You can't drag her, but what happens when you refuse to discuss it and say 'you may not want to but you are going'

FinallyHere Thu 26-Nov-15 16:38:06

Whose idea was it, to sign her up to the activities? Which would she sign up for, if it really were her choice? Just wonderin,

Duckdeamon Thu 26-Nov-15 16:41:09

If she tries it beyond the first free go she should attend for the block you've paid for. Don't let her not go unless she's unwell. Fair enough if she doesn't then want to continue.

BerylStreep Thu 26-Nov-15 16:41:49

Her idea to sign up to all of these - I haven't pushed her (well I might have encouraged the Brownies). Really enthusiastic to start with, then interest wanes.

It just goes against everything I think is right - I think you need to stick with things, put the work in etc.

Keeptrudging Thu 26-Nov-15 16:42:11

Too tired? I'm evil so I would be saying 'oh dear, you'd better go to bed/no electronic devices'. It's not good to let her opt out all the time. She's made a commitment to go, even if it's just for a term. I would be enforcing it.

Duckdeamon Thu 26-Nov-15 16:44:06

Also, trying four activities "over the years" isn't many really, unless there are many more.

DH says he tried private lessons for about 5 instruments when he was young: drove his parents mad. Never managed to carry on any of them. he's not great with time management or musical or sporty but perhaps it was Ok as he's still a huge fan! But now spends his own cash watching.

Duckdeamon Thu 26-Nov-15 16:45:38

When it comes to recreation, rather than studies or work (and even those things too) sticking with things is only good if you enjoy the things. Takes a bit of time to find out if you like them. Some people like to dabble!

ofallthenerve Thu 26-Nov-15 16:46:36

Keeptrudging I am equally evil. OP I think you are making it too easy for DD to flake out. I don't really think money is the issue.

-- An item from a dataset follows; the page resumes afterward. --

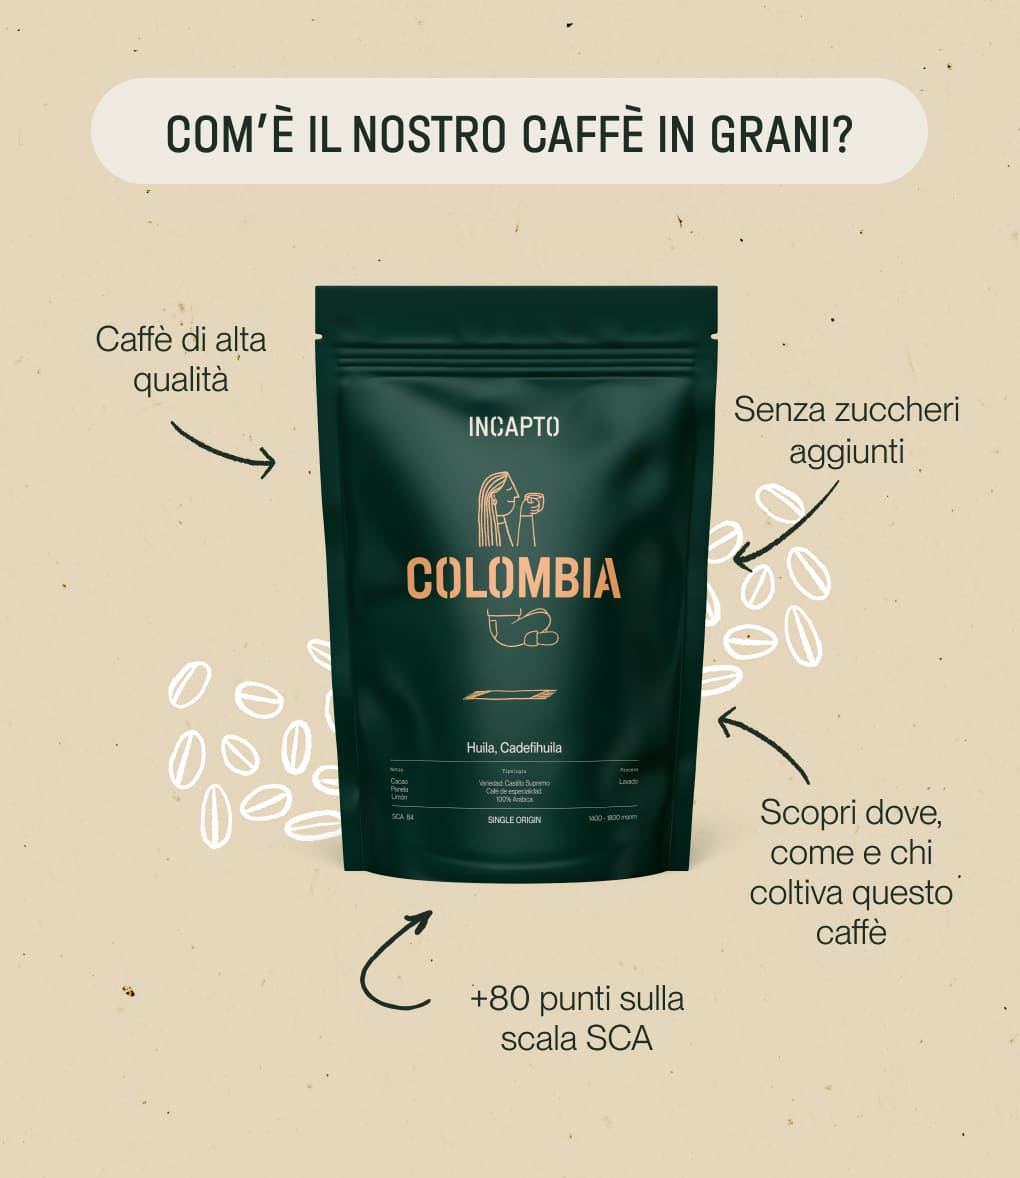 Caratteristiche del caffè di specialità proveniente dalla Colombia

Wolfiefan Thu 26-Nov-15 16:48:32

I agree money isn't the issue here. You go every week or give it up completely.
You say you are going then you go. You don't have to physically drag her confused You are the parent. You insist!

LaLyra Thu 26-Nov-15 16:49:09

I insist mine go to another 3 sessions if they say they are fed up with something that we've already paid for. Beavers (DS1), gymnastics (DD1) and rugby (DS1) fell by the wayside as after the 3 more sessions they still wanted to give up. Everything else found a renewed interest after one rubbish week.

Viviennemary Thu 26-Nov-15 16:54:40

I was a bit like your DD. blush. And my Mum never let me forget it. Not sure paying for it with her own money is the answer. It will still be money wasted if she only goes once or twice and misses lessons already paid for.

titchy Thu 26-Nov-15 16:55:09

You do know that kids aren't automatically born with a work ethic and perseverance don't you? They're qualities that you as a parent have to develop in your child. Which you are categorically not doing by letting her miss sessions cos she can't be arsed.... So yes yabu and a bit crap tbh.

goodnightdarthvader1 Thu 26-Nov-15 16:56:22

You're not encouraging get to stick with though, are you op? You're letting her bow out every time.